Growth with built-in compliance: pragmatically scaling regulatory requirements

Particularly in the start-up and early scaling phase, speed counts: product development, customer acquisition and funding set the pace. It is normal for governance and compliance structures to be kept lean at first – but it is crucial to allow them to grow in a targeted and verifiable manner. In this way, regulatory maturity gradually emerges from the start-up spirit without overloading the organization.

Instead of building “everything at once”, FinTechs start with a lean control set and expand it along product and volume milestones. In reality, expansion often cannot keep pace with growth – as the volume of business increases, so does the need for auditing and documentation. A structured but lightweight NFR setup prevents unnecessary rework in audits and facilitates constructive supervisory dialog – without taking the focus away from the core business.

Modular expert support as an accelerator – until your own team is in place

A practical solution is to have experienced external specialists take over central regulatory functions on a modular and temporary basis during the transition period.

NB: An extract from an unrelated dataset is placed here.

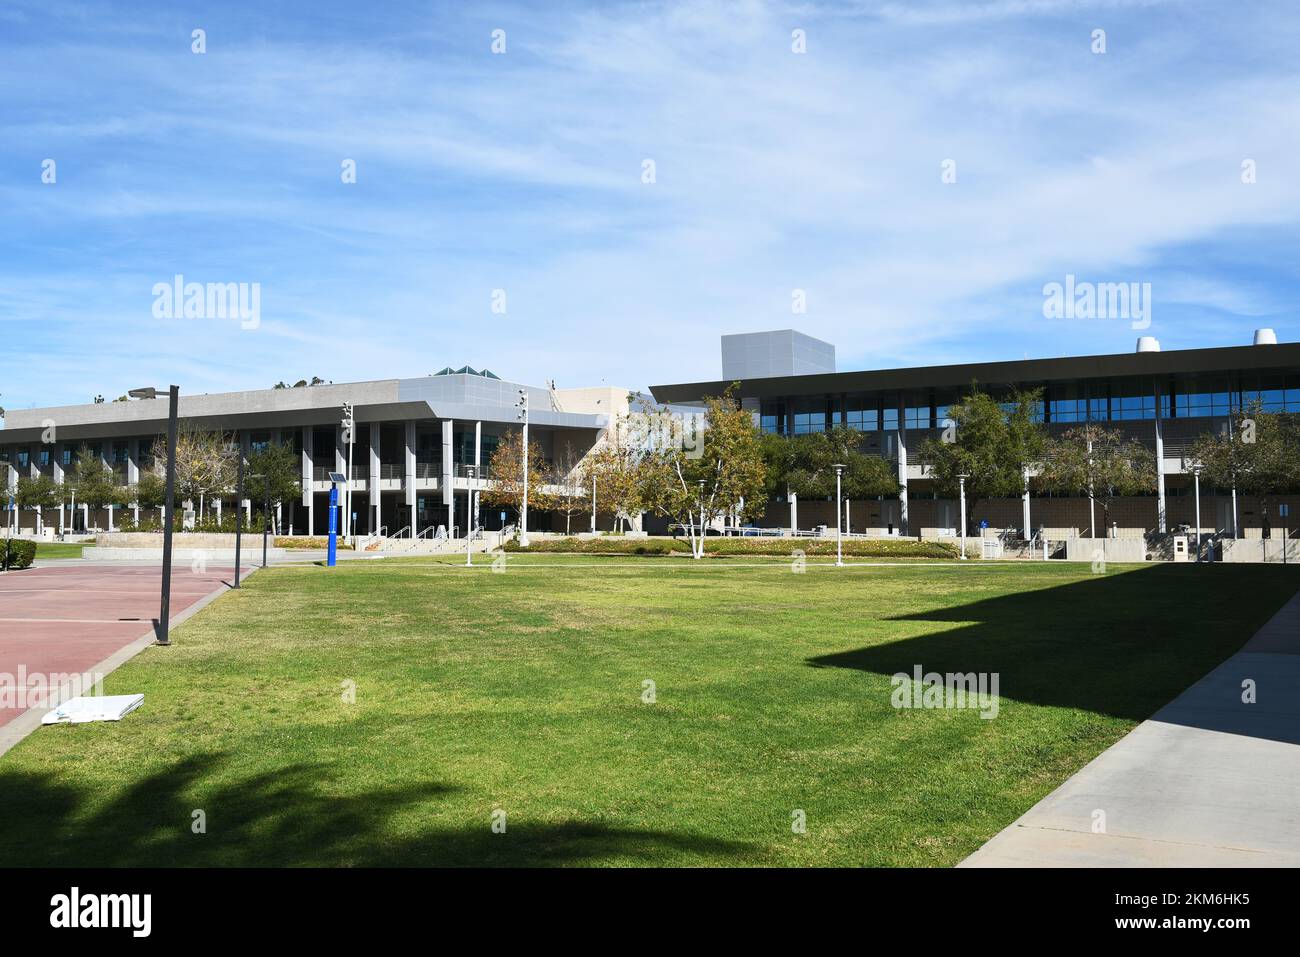 ORANGE, KALIFORNIEN - 25. NOVEMBER 2022: Strenger Plaza mit Blick auf die Gebäude des Humanities and Science Center auf dem Campus des Santiago Canyon College. Stockfoto
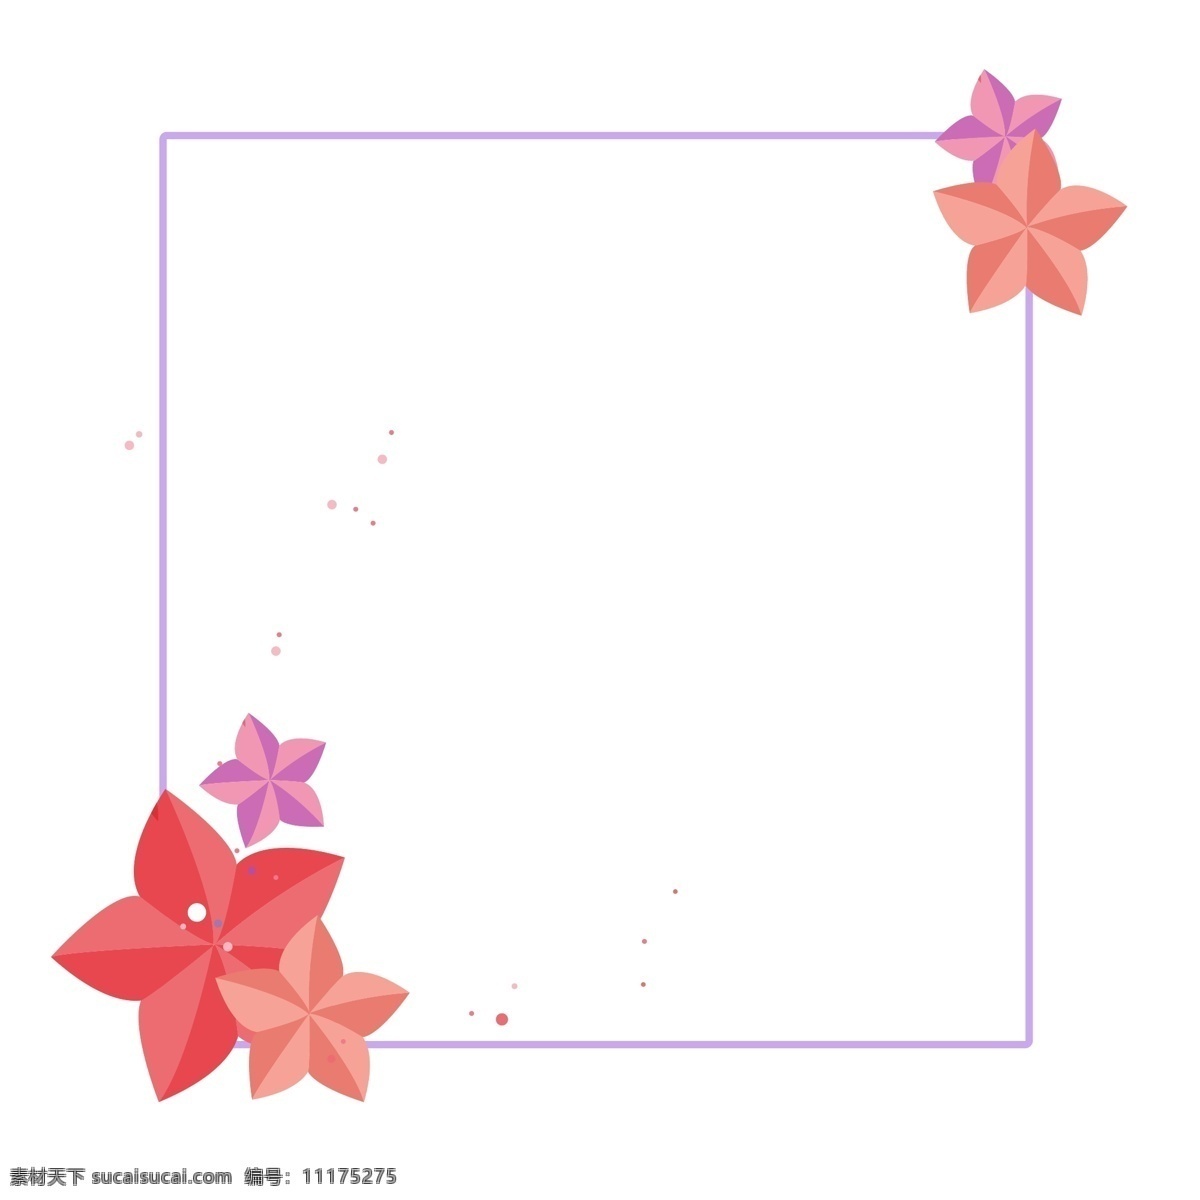 卡通 花朵 装饰 边框 卡通边框 红色花朵 紫色边框 花朵边框 边框装饰 马卡龙边框 正方形边框

Depending on requirements, tasks in risk management, compliance, outsourcing management, information security or other control functions can be covered. The integration takes place directly in the existing systems and processes, whereby immediate effectiveness is achieved and internal know-how is built up in parallel.

This approach is characterized by complete integration (no black box outsourcing), a time limit and a consistent focus on a structured handover to the resulting in-house team. Operational relief in the start-up and scale-up phase, accompanying coaching, audit-proof documentation and a clear handover structure are at the forefront.

Mastering regulatory requirements, enabling growth

It creates trust among investors, customers and regulators, reduces operational risks and enables sustainable growth. Investing early saves time, money and nerves later on.